* Data excerpt *
Content starts
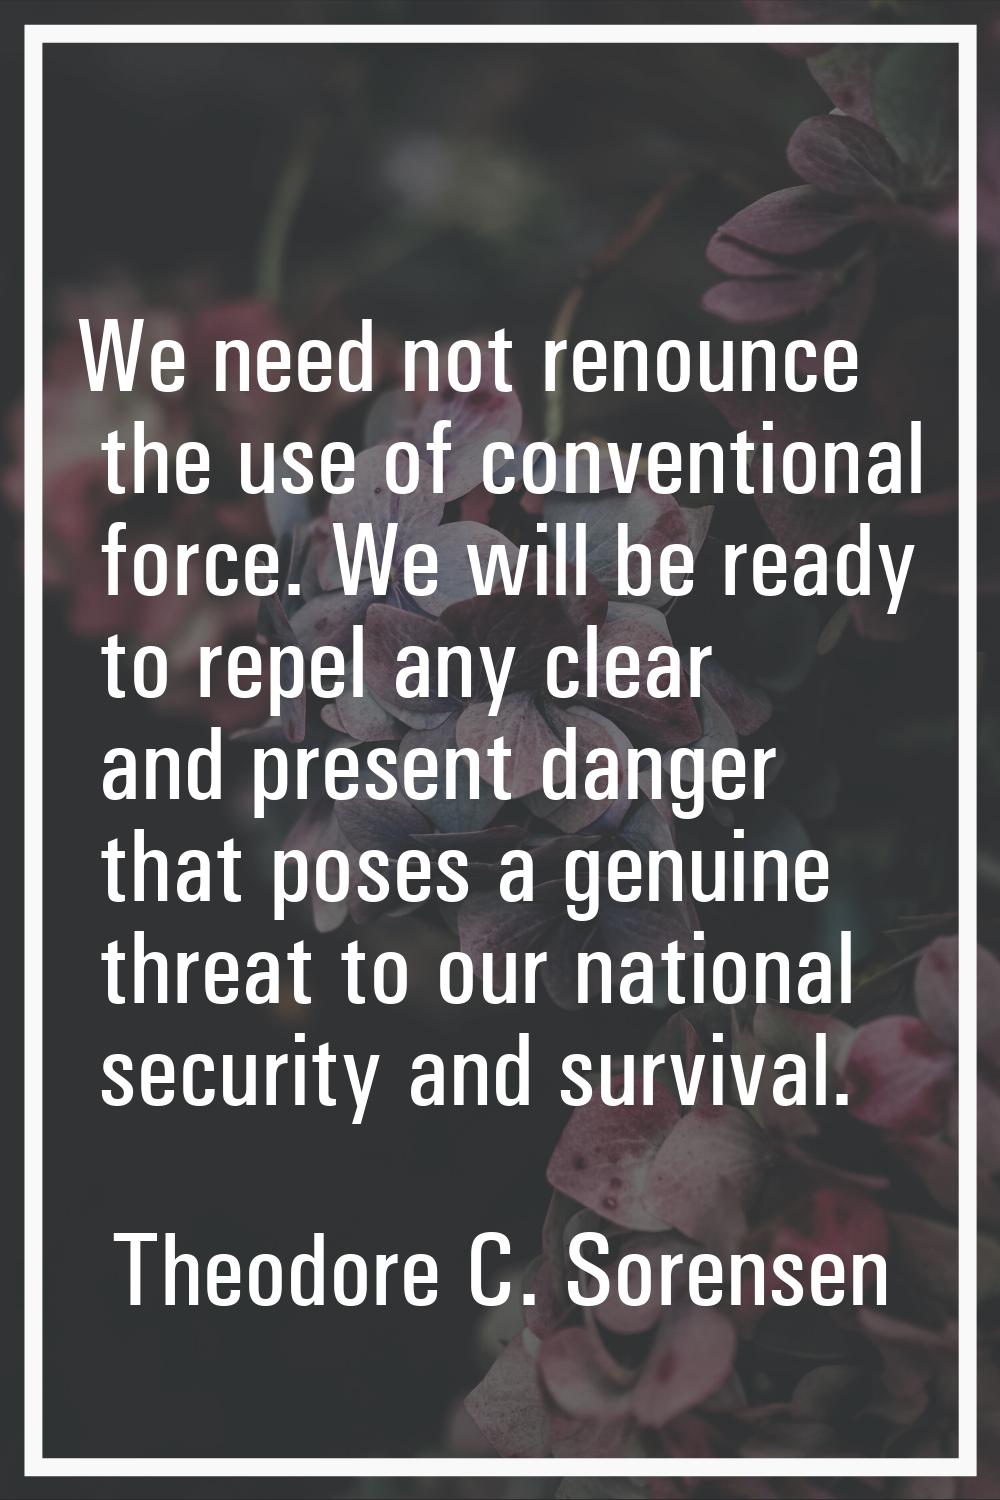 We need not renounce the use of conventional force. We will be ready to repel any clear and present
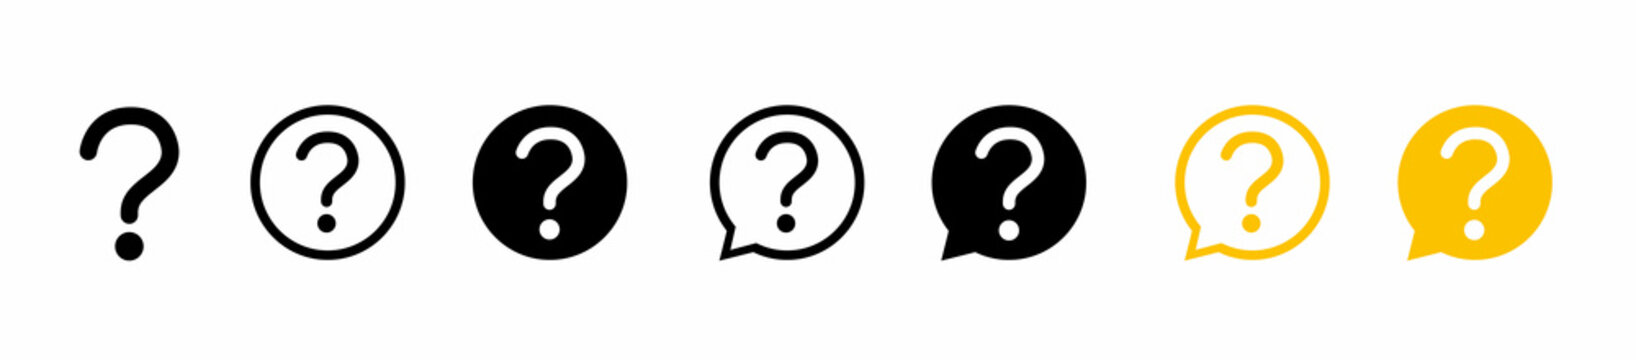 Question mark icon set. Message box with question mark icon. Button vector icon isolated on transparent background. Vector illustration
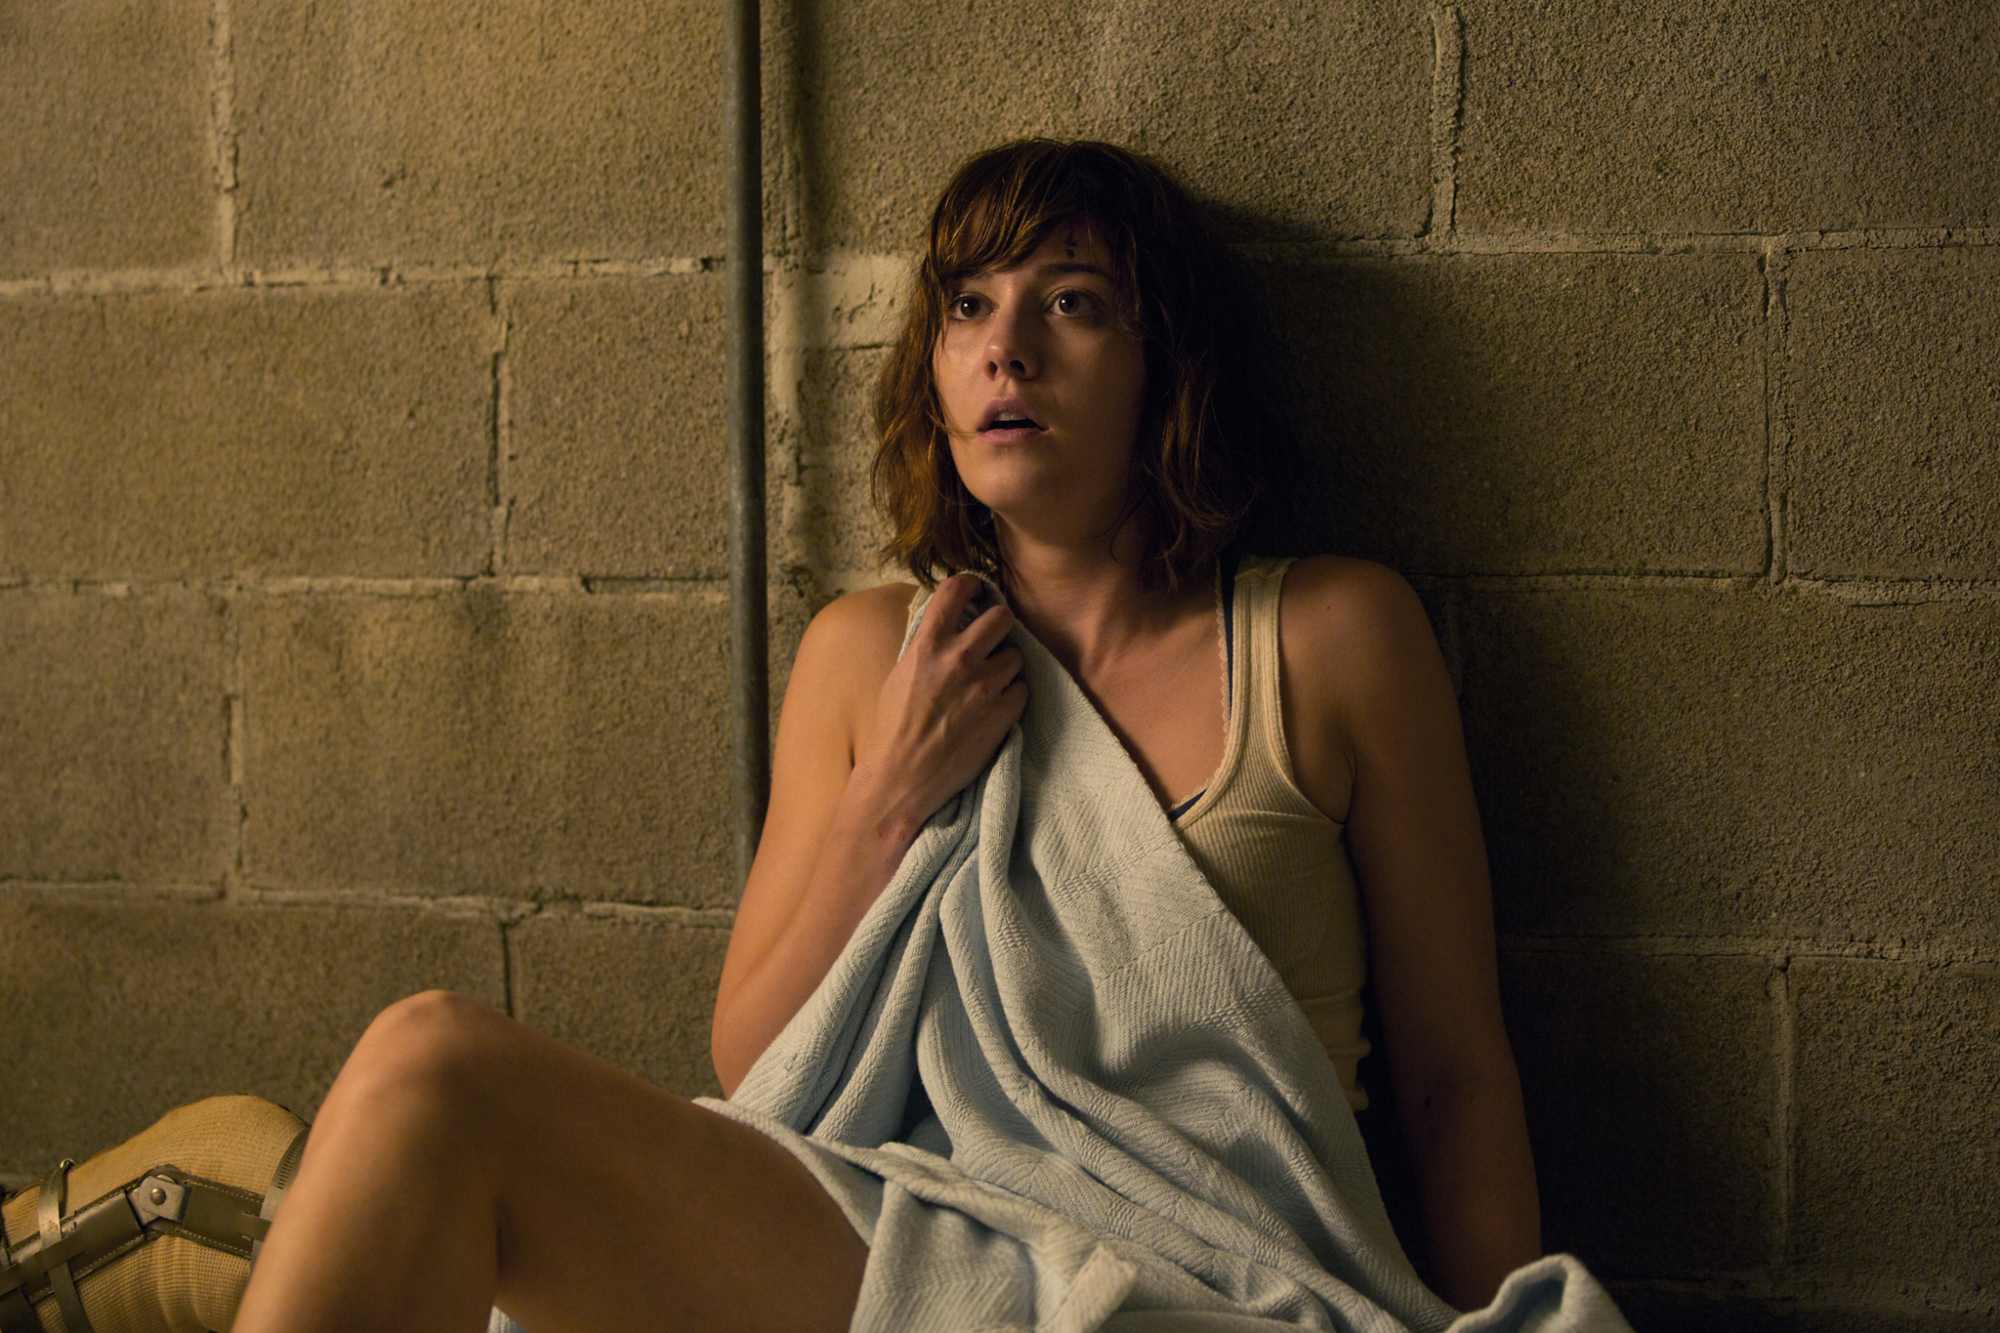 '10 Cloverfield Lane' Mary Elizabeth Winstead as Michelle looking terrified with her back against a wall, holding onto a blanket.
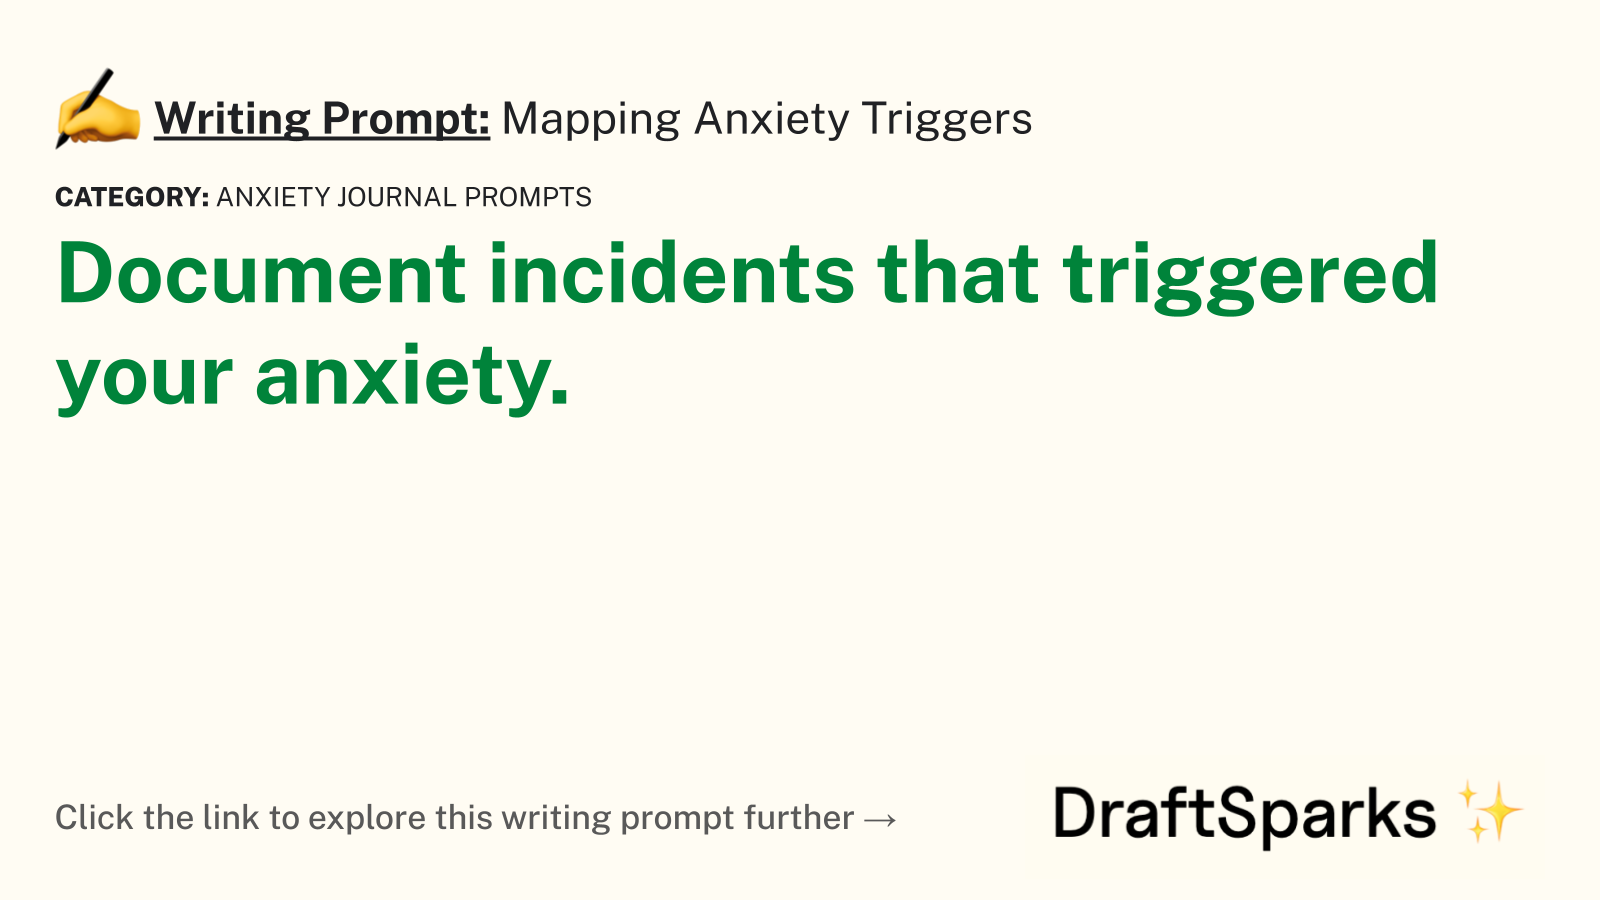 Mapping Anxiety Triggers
Content ends
Drop the pictures; repeat the listing above exactly.

* Written solution *
 We need not renounce the use of conventional force. We will be ready to repel any clear and present
 Question mark icon set. Message box with question mark icon. Button vector icon isolated on transparent background. Vector illustration
 '10 Cloverfield Lane' Mary Elizabeth Winstead as Michelle looking terrified with her back against a wall, holding onto a blanket.
 Mapping Anxiety Triggers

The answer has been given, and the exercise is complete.